(Requirement) A verbatim copy of the listing is what is needed, minus any pictures.

(Material provided)
*-*-*

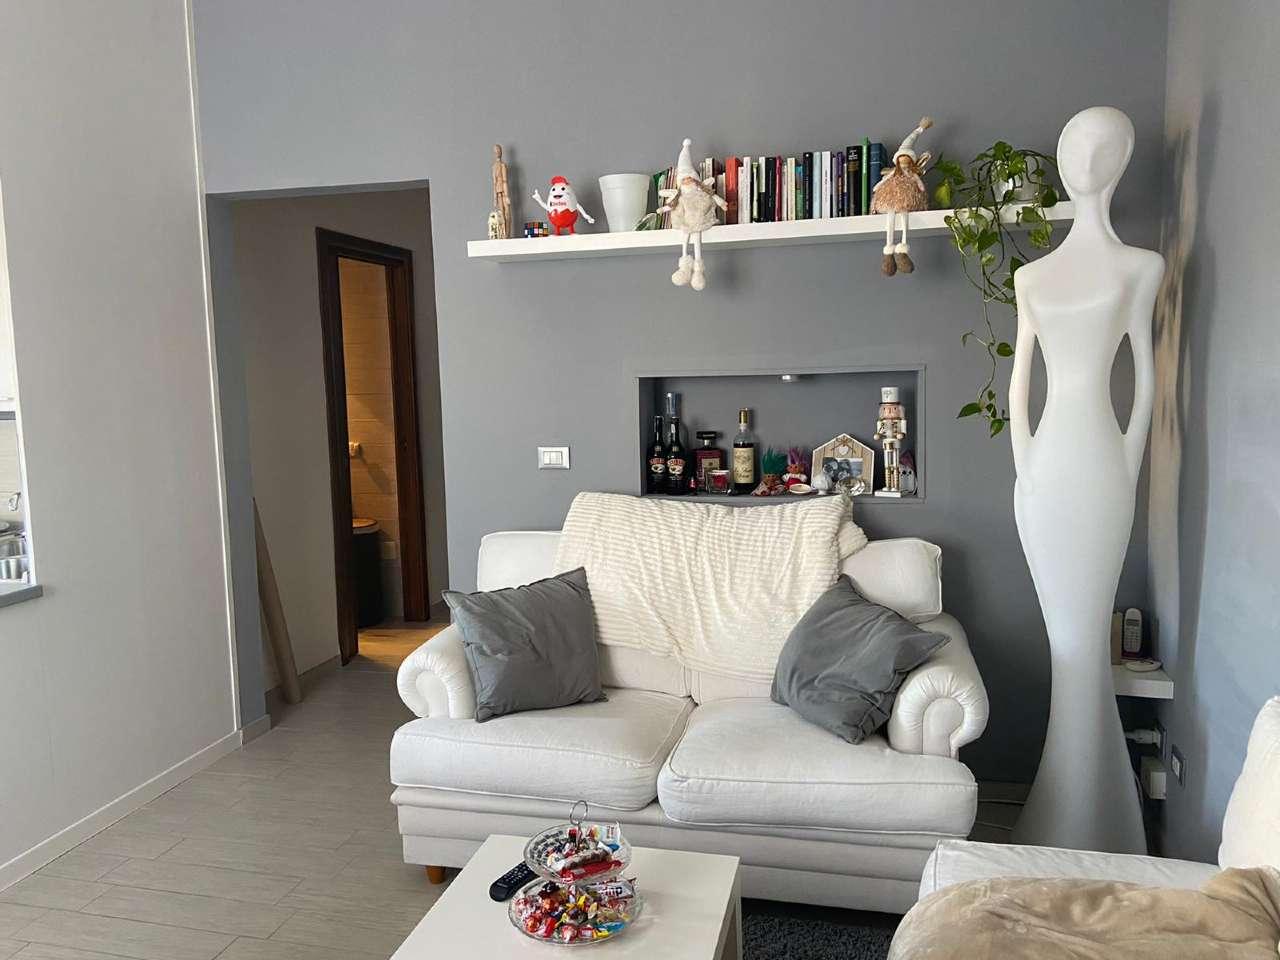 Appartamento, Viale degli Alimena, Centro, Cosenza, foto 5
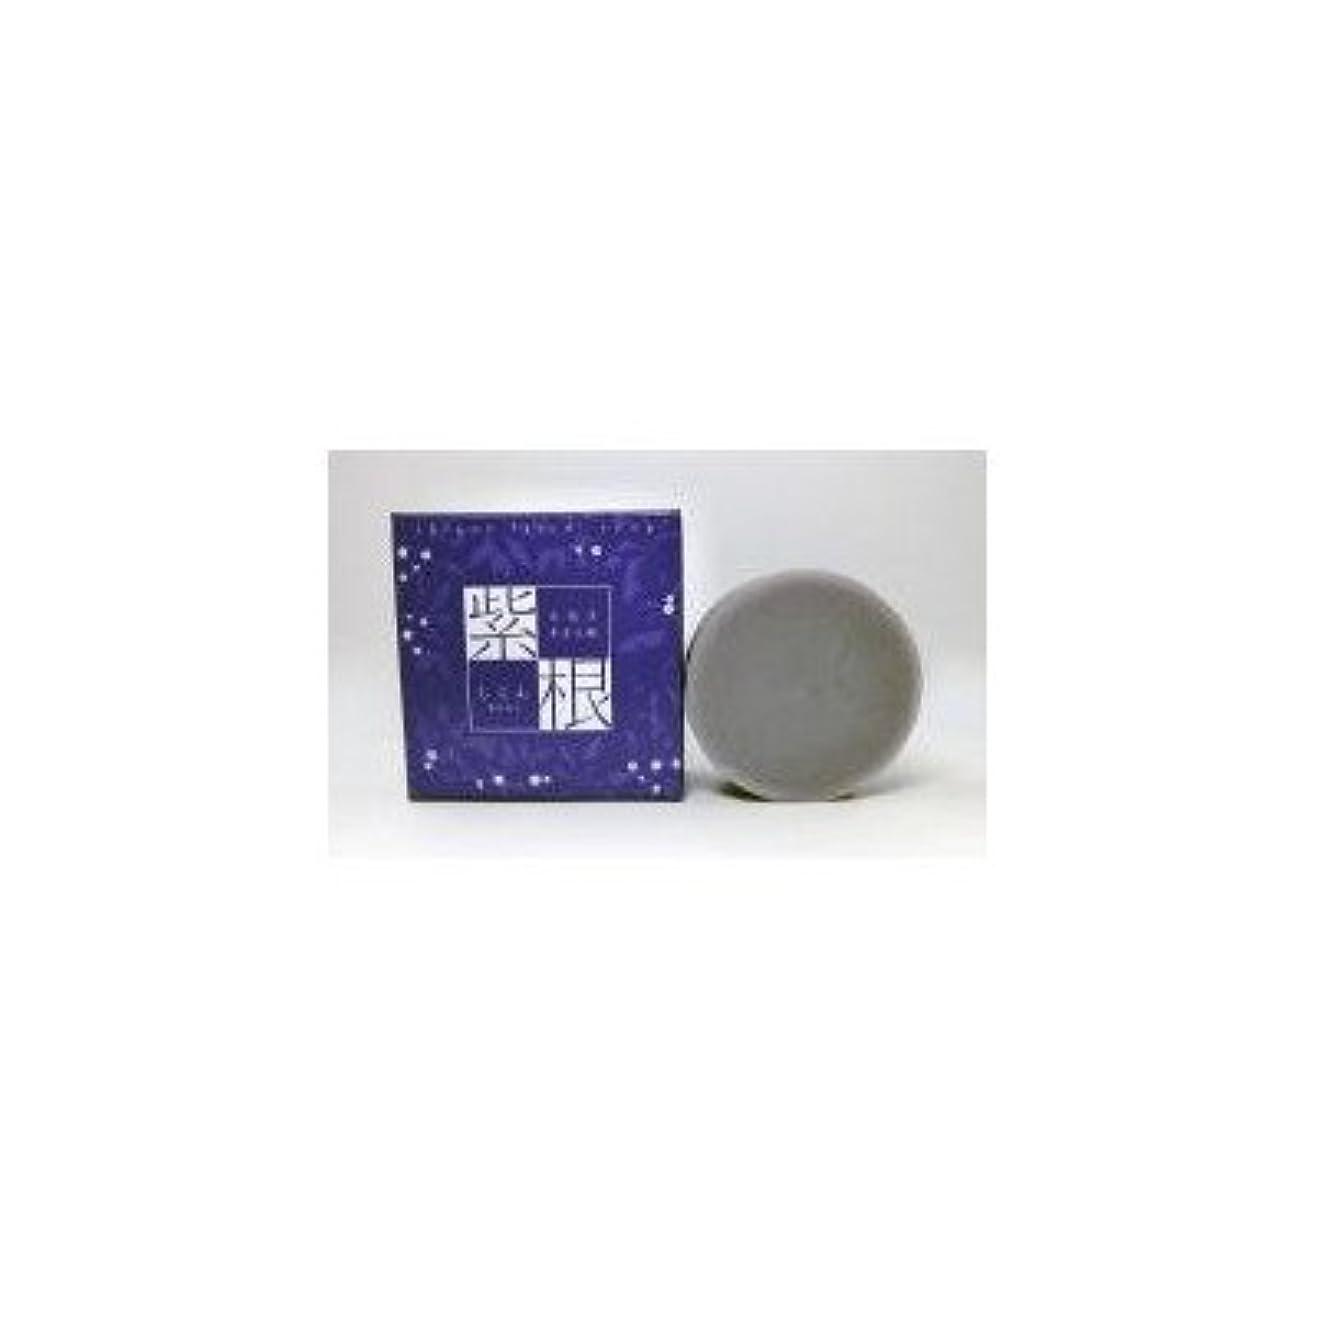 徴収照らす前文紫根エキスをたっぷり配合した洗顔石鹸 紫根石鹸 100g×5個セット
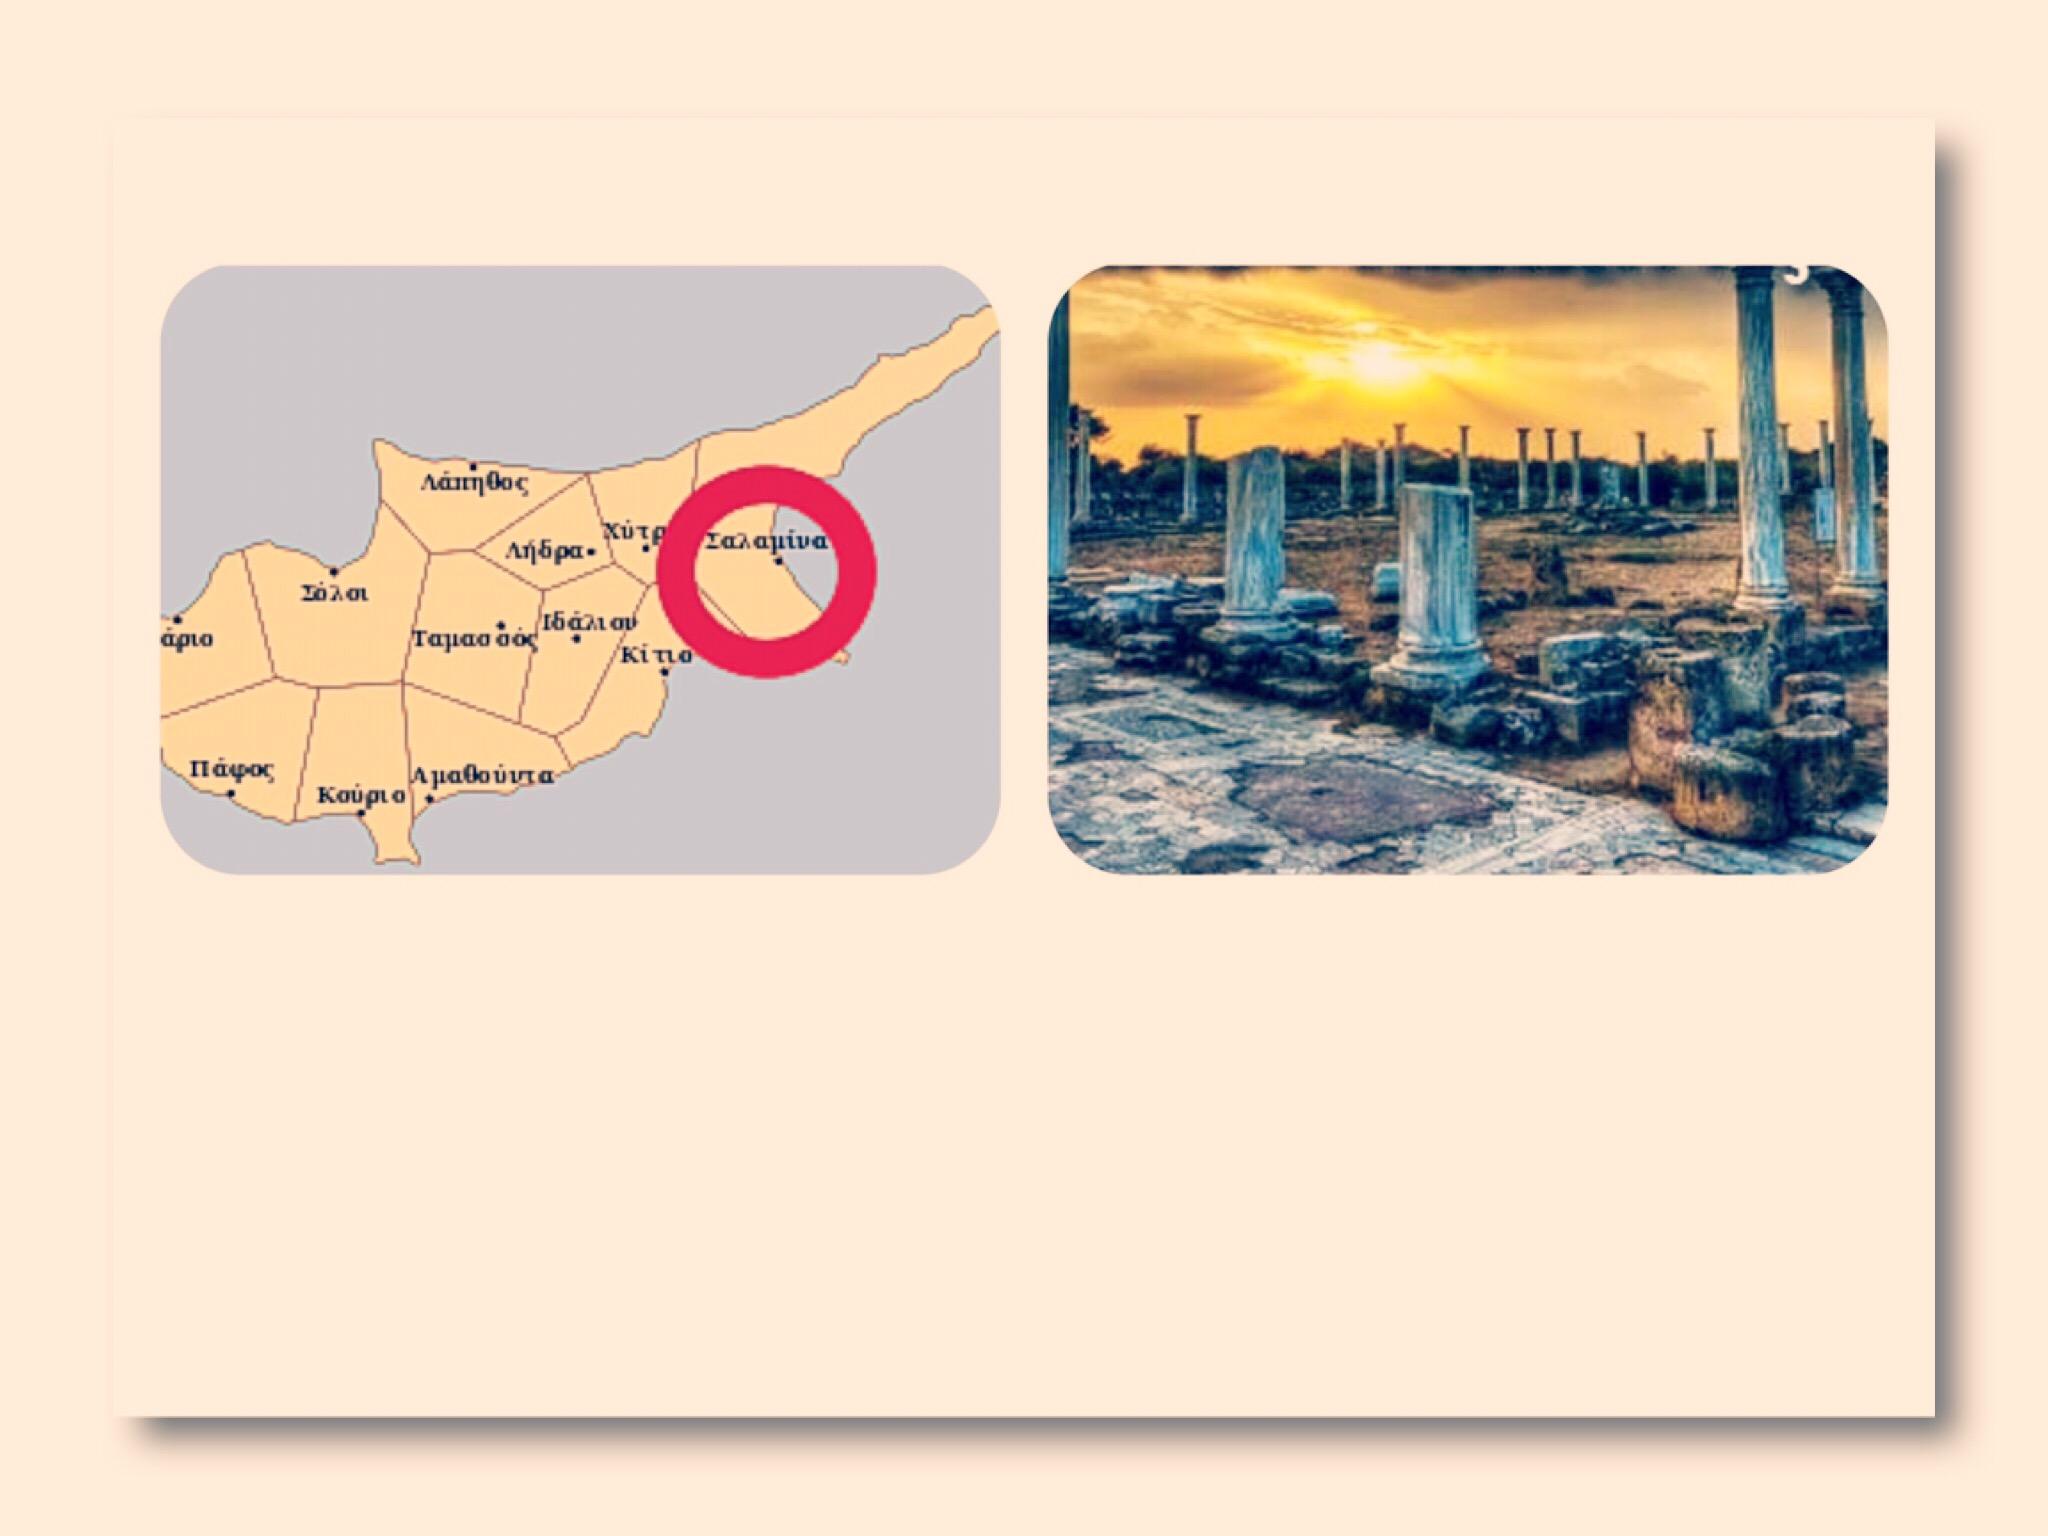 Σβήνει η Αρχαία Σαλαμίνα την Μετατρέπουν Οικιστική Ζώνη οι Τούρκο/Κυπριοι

*-*-*

(Response)
 Appartamento, Viale degli Alimena, Centro, Cosenza, foto 5
 徴収照らす前文紫根エキスをたっぷり配合した洗顔石鹸 紫根石鹸 100g×5個セット
 Σβήνει η Αρχαία Σαλαμίνα την Μετατρέπουν Οικιστική Ζώνη οι Τούρκο/Κυπριοι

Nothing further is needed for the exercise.